1. On September 11, 2008, there was a $550 billion electronic run on the banks. It took place between the hours of 9 and 11 am. The Federal Reserve noticed a tremendous draw down of money market accounts in the USA to the tune of $550 Billion dollars. The money was being removed electronically. The Treasury opened their window and pumped in $150 Billion but quickly realized they could not stem the tide. They decided to close the operation, close down the money accounts and announce a guarantee of $250,000 per account, so there wouldn't be further panic.

The electronic run resulted in the first bailout legislation,. It was reported on the House floor that Congressmen were warned by the Bush Administration that Marshall Law would be declared if the bailout was not passed by Congress. Where was the source of the electronic run?

2. The credit default swaps were a violation of existing federal law.

3. The rating firms are financially tied to the investment bankers who defrauded investors, and those rating firms develop, sell, and rate financial products all at the same time.

4. The US federal government failed then and now to prosecute this fraud.
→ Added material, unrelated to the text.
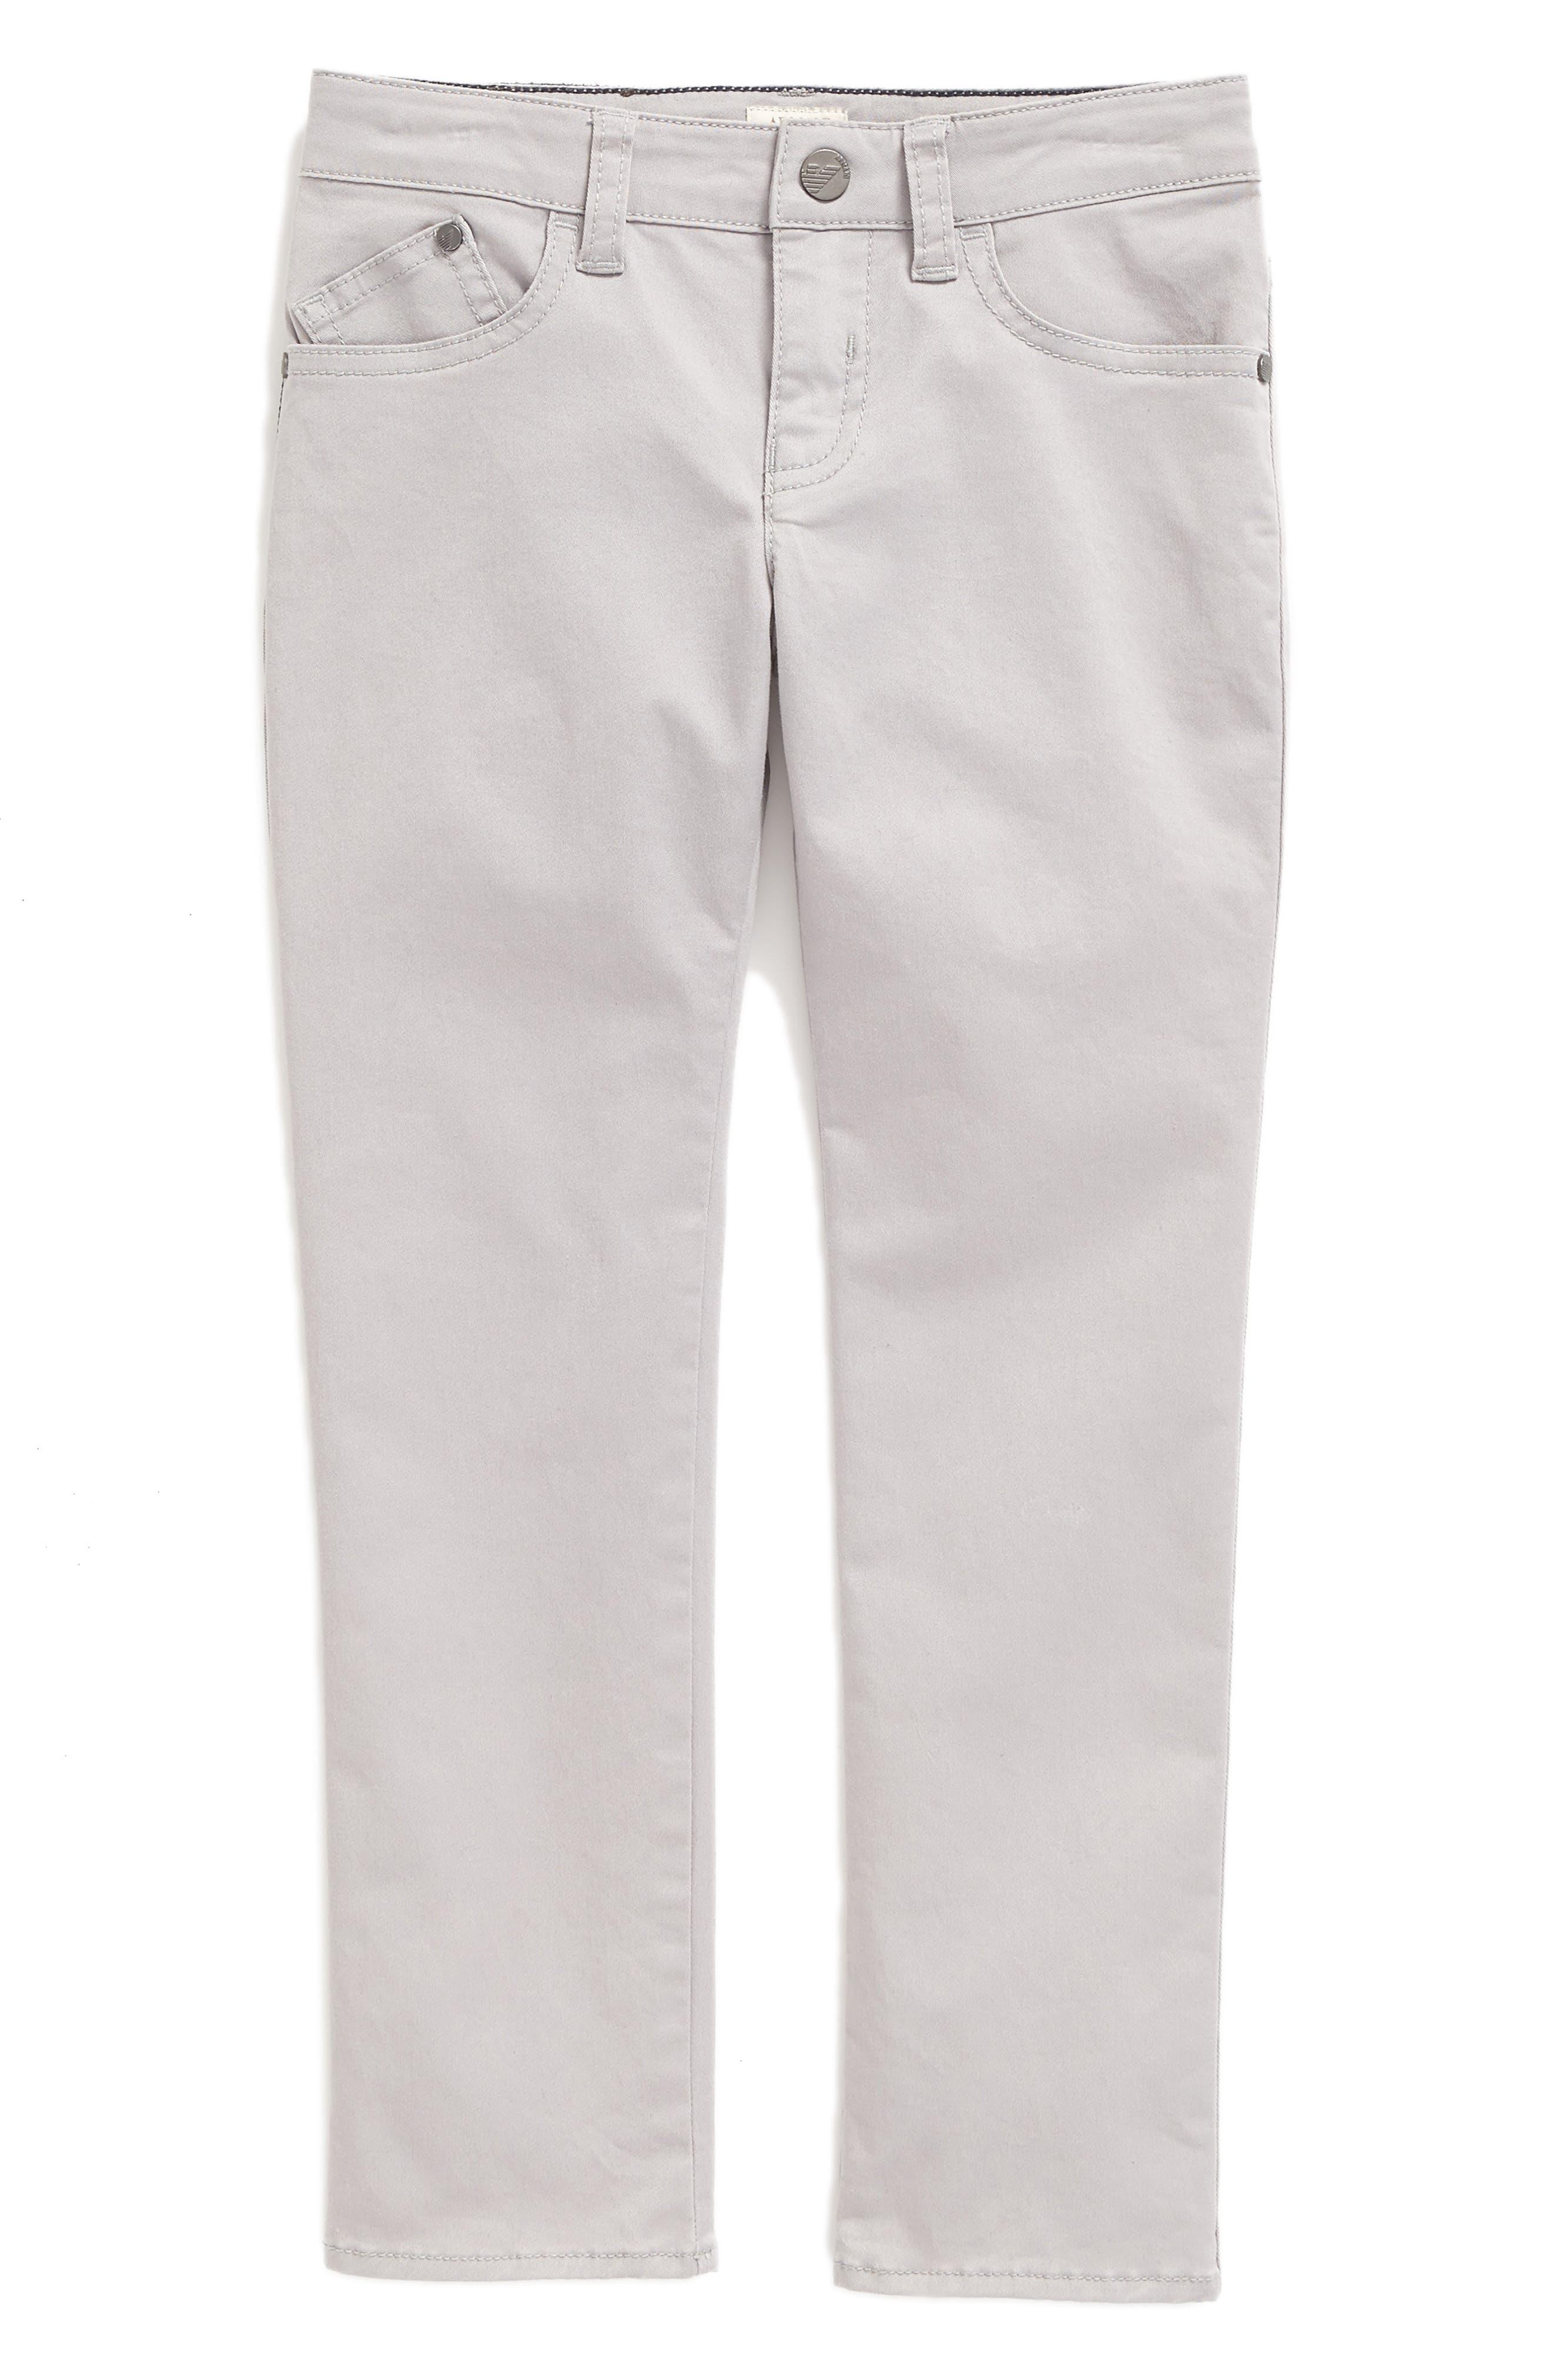 ARMANI JUNIOR Stretch Cotton Twill Pants

Why not interview the Justice Department and ask them why they gave these criminals a pass?

I don't care what the CEOs of the investment bankers earned, and while I agree that the compensation most likely promotes and produces fraud, this film should have focused on the failure of the U.S. Federal and State governments to police and prosecute criminals. If you want to prevent crime, you need a police force. Why didn't they act, then and now?